– Ты! Ну-ка, сюда!
Это было сказано по-намурски; тексты такой сложности Милов понимал без напряжения. И повернул чуть наискось, пересекая полотно дороги – спокойно и вежливо и даже с доброжелательной улыбкой.
– Стоять!
«Три метра», – привычно определил Милов дистанцию. Остановился, уже не улыбаясь, но взглядом выражая полное спокойствие.
– Руки за голову!
«Пистолет – тот, что в кармане, – он заметит сразу, если только не совершенный младенец. Однако, судя по его повадке – опытный парень. А вот со вторым… ну ладно, посмотрим, что дальше будет… Руки за голову? Да пожалуйста, сколько угодно…»
Милов послушно охватил ладонями затылок.
– Повернись спиной!
– Послушайте, – сказал Милов медленно, стараясь подбирать слова поточнее и ставить их в нужной форме, – я тут случайно, ни в чем не участвую, у меня больная женщина…
– Спиной! – теперь вооруженный крикнул с явной угрозой и шевельнул автоматом.
«Пуля в спину – не очень приятно, – подумал Милов, поворачиваясь, – однако без всякого повода стреляет только маньяк, сумасшедший, а этот вроде не похож… Нет, надо сохранять спокойствие до последнего, я тут лицо незаинтересованное, у меня свои заботы…» – и все же он почувствовал, как пот проступает на спине: не любил Милов таких положений.
– Ты фром? – услышал он сзади; судя по голосу, человек остался на том же месте.
– Я иностранец, – ответил он, чуть повернув голову, чтобы тому было слышнее, но и затем еще, чтобы видеть его уголком глаза. – Турист.

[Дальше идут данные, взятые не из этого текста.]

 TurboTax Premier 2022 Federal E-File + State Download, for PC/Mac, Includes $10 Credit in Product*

– Еще один, – проговорил вооруженный мрачно. – Чужак. Слишком много чужаков развелось в Намурии, налетело, как на падаль. Но мы еще живы… Что у тебя там в кармане? Может, фотоаппарат?
– Могу показать, – ответил Милов.
– Руки! И не шевелись, если хочешь пожить еще хоть немного!

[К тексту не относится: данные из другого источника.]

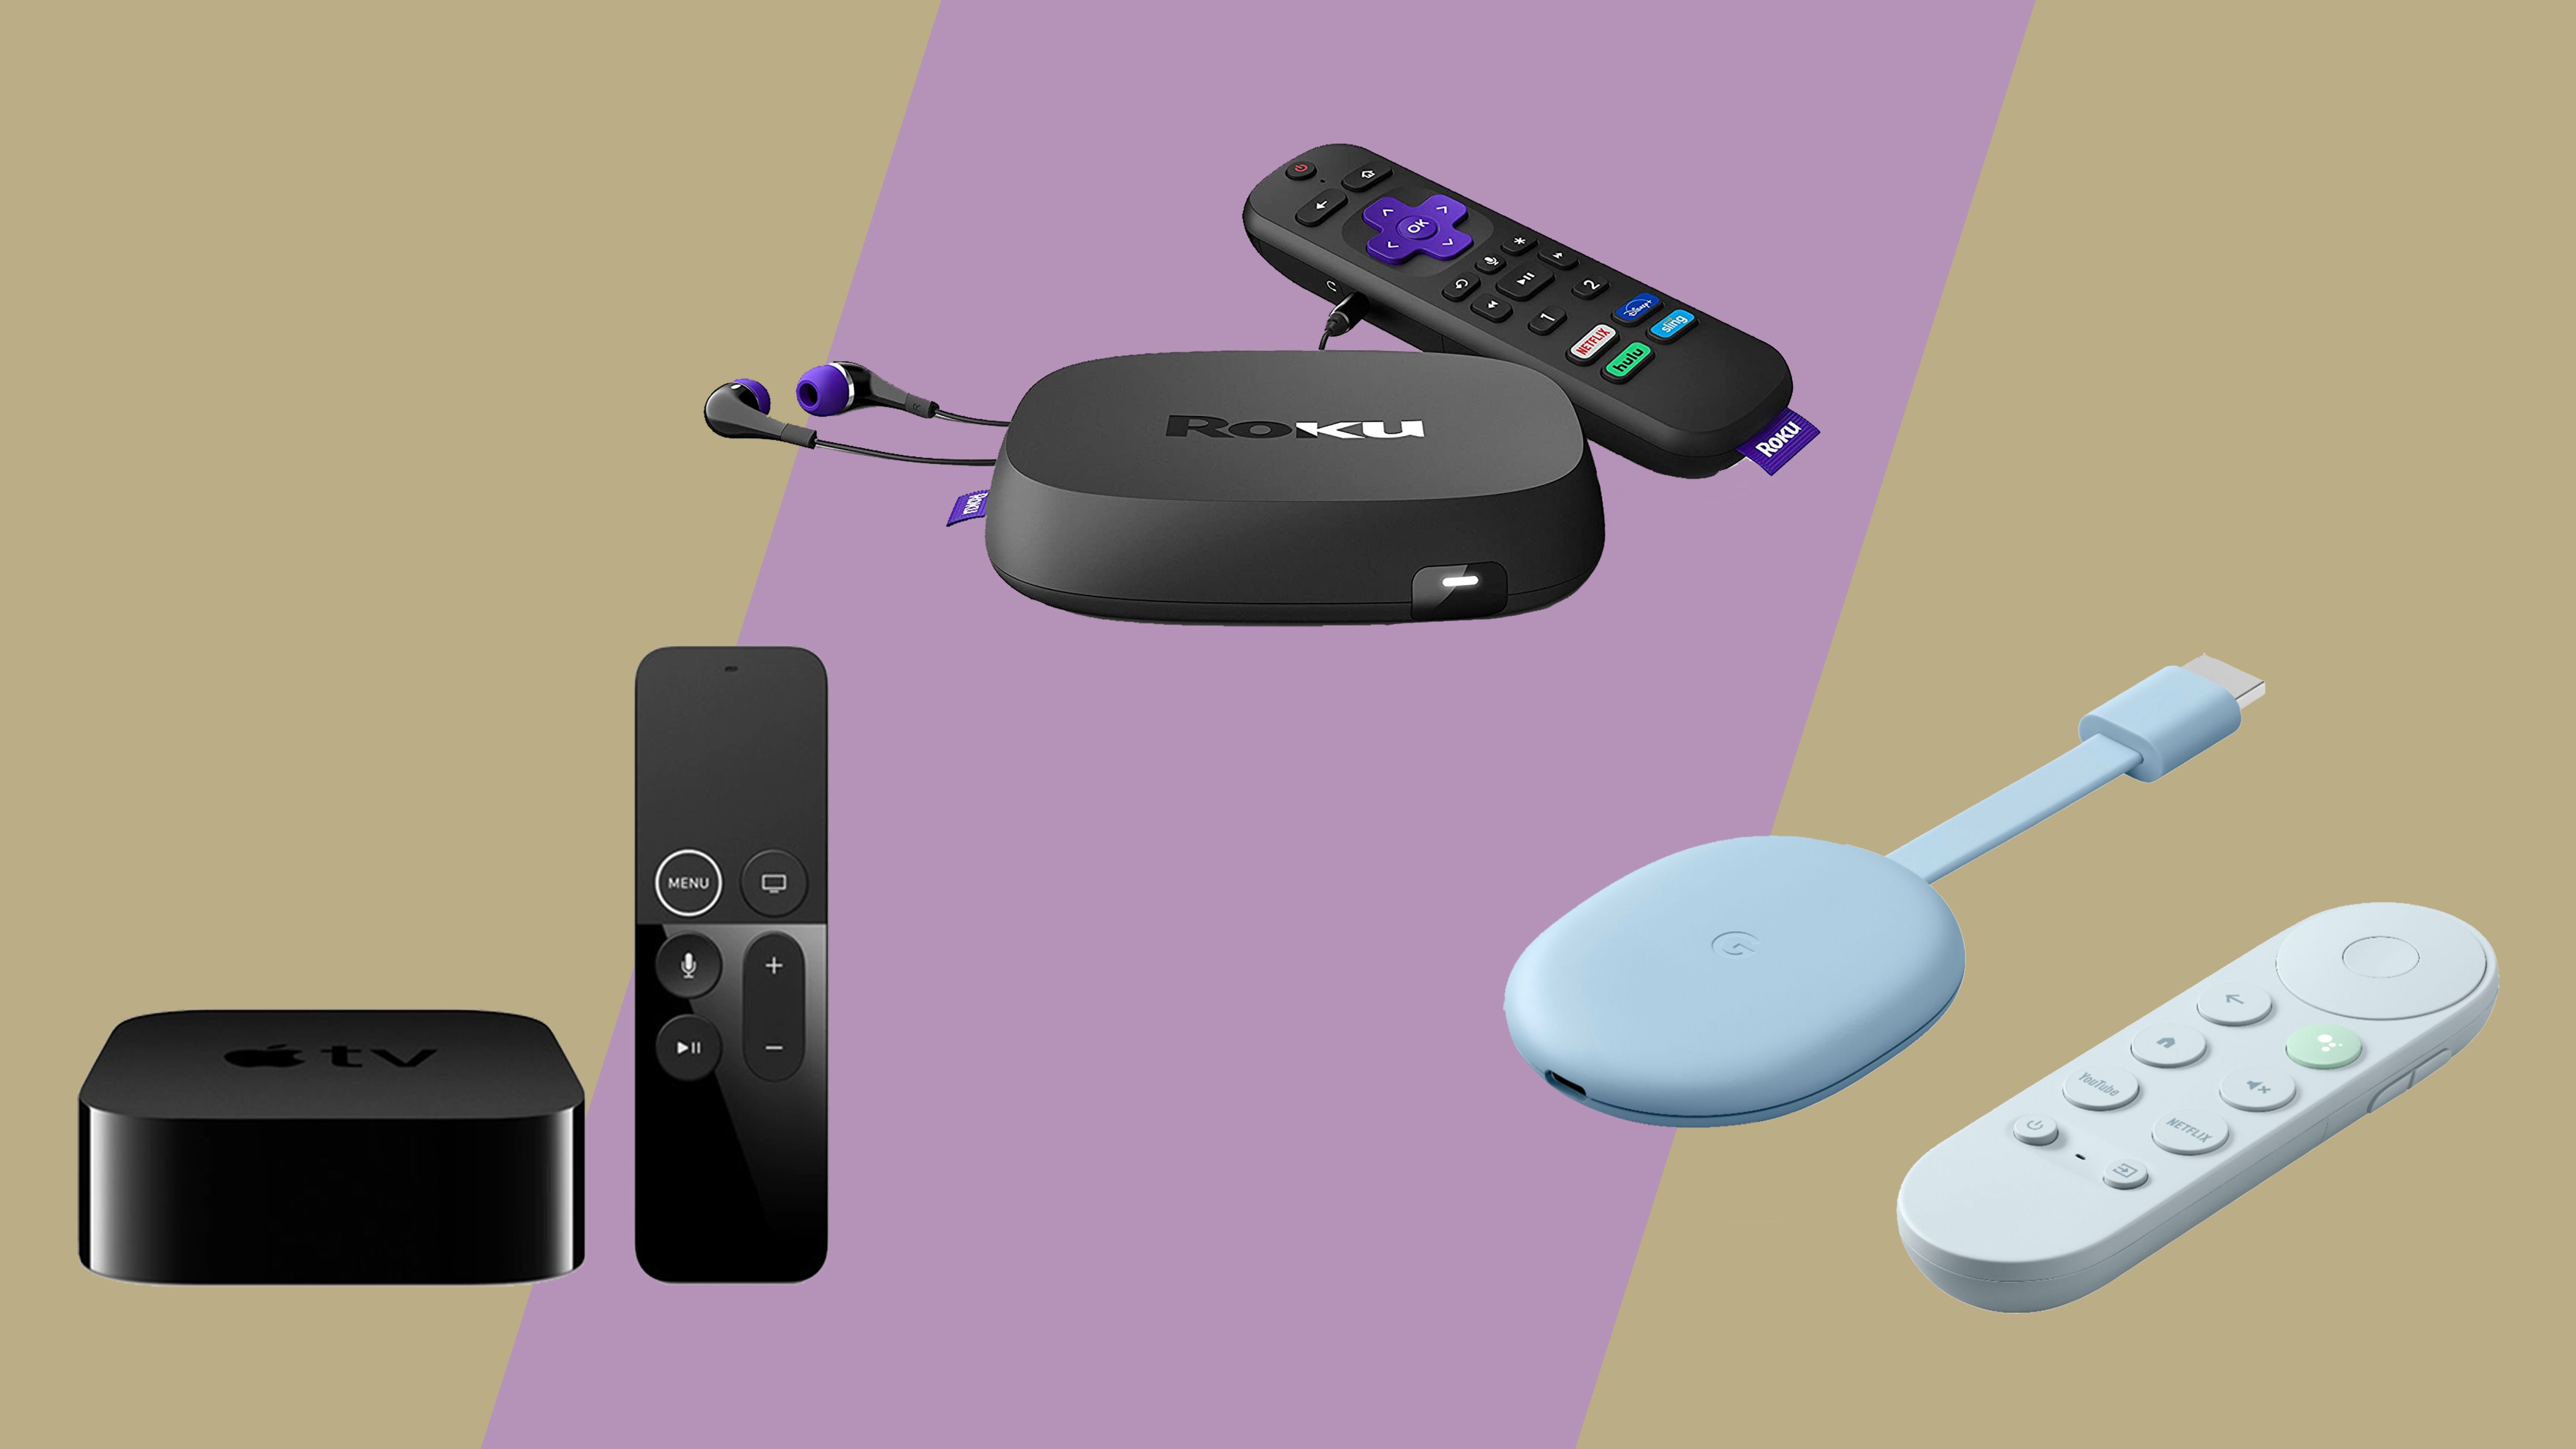 How to watch and stream CHANNEL ZeRO - 2020 on Roku

Вооруженный шагнул вперед, теперь до него осталось около метра. Левая рука его была вытянута, чтобы сразу залезть Милову в оттопыренный карман; подходил он не прямо со спины, а чуть справа. «Опытный, – подумал Милов, – но у меня-то опыта побольше, так что давай лучше поговорим на равных…»

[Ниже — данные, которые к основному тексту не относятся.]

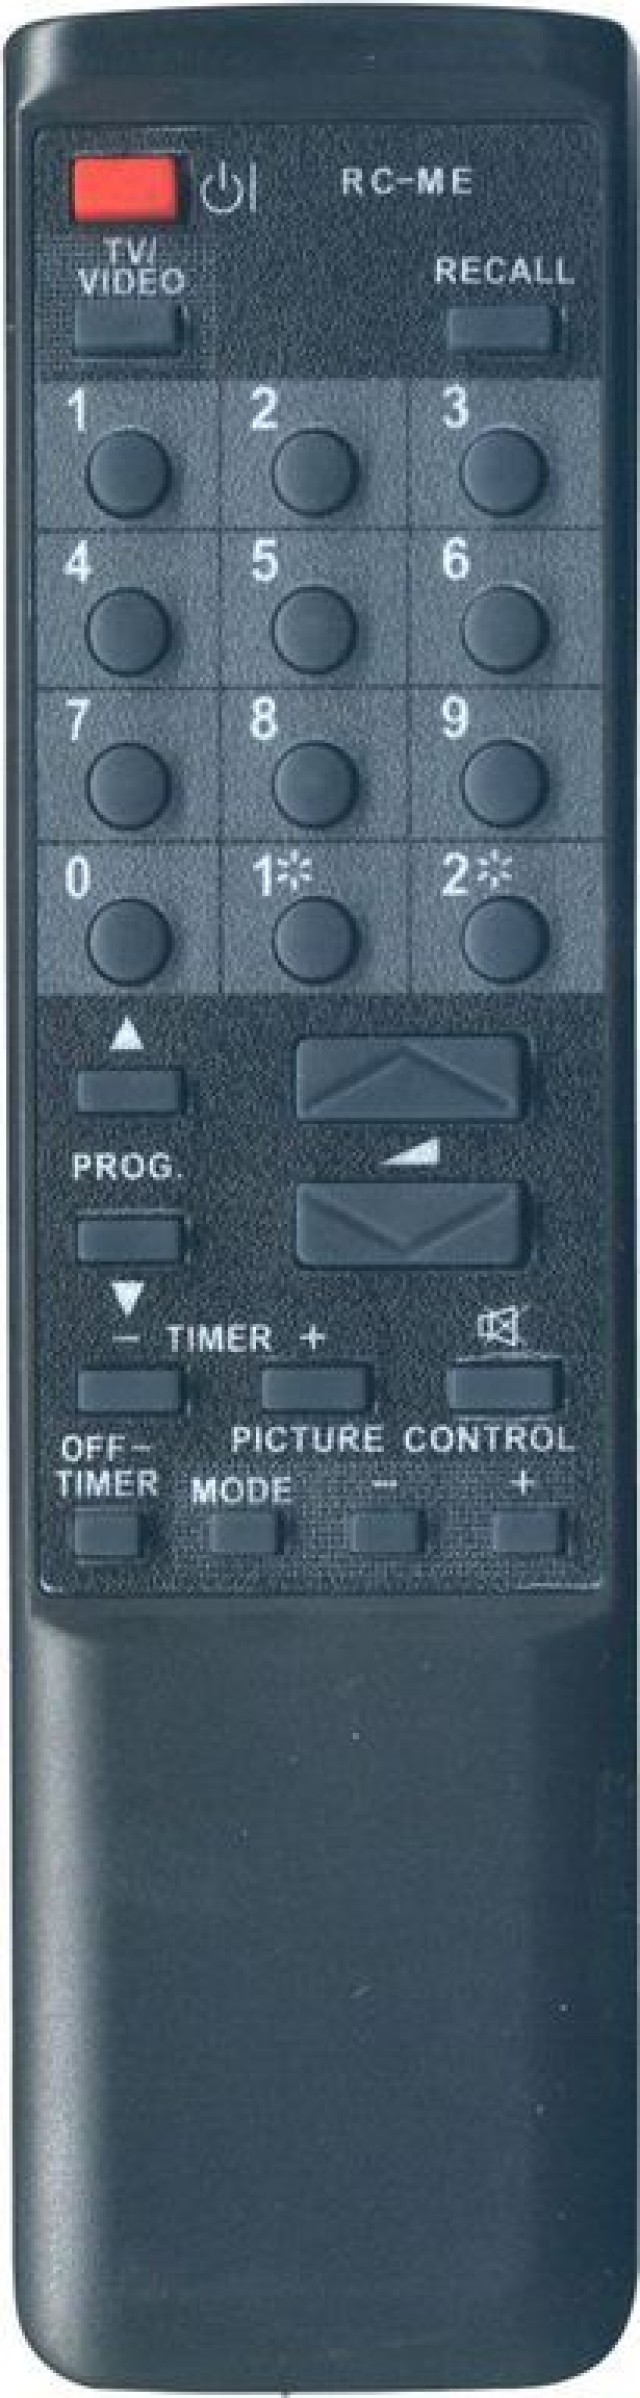 OEM, 0044, Remote control compatible with HITACHI CLE865

Он крутнулся на левом каблуке, ударил правой ногой – руки снимать были некогда. Как и ожидал Милов, тот запоздал с реакцией на долю секунды – пуля прошла рядом. Когда такой удар наносит нога в тяжелом армейском ботинке, человек больше не поднимается; Милов был босиком, да и не хотел он убивать, старался только, чтобы его самого не убили. Противник лишь согнулся вдвое от боли. Милов сцепил пальцы вместе, рубанул.
«Что же мне с тобой делать? – размышлял он, глядя на скорчившееся у его ног тело. – В канаву? Захлебнешься… Вот оружие придется позаимствовать: наверное, ты тут не последний такой… Значит, иностранцы тут нынче не в чести… – Он нагнулся, ухватил лежавшего под мышки, оттащил к дереву; тот, с закрытыми глазами, судорожно дышал. Милов распустил ему ремень, чтобы легче дышалось, потом взгляд его упал на добротную армейскую обувь. Милов колебался несколько секунд: мародерство ему было противно. – Придется все же считать это трофеем, – схитрил он сам перед собой, – ему теперь спешить некуда, а у меня полно дел… – Он расшнуровал башмаки, надел – были они номера на два больше, однако босиком по стеклу было куда хуже. – Так, – подумал он затем. – Ну, лежи, приходи в себя, да поучись, когда очнешься, вежливее обращаться с прохожими, тебя не задевающими…»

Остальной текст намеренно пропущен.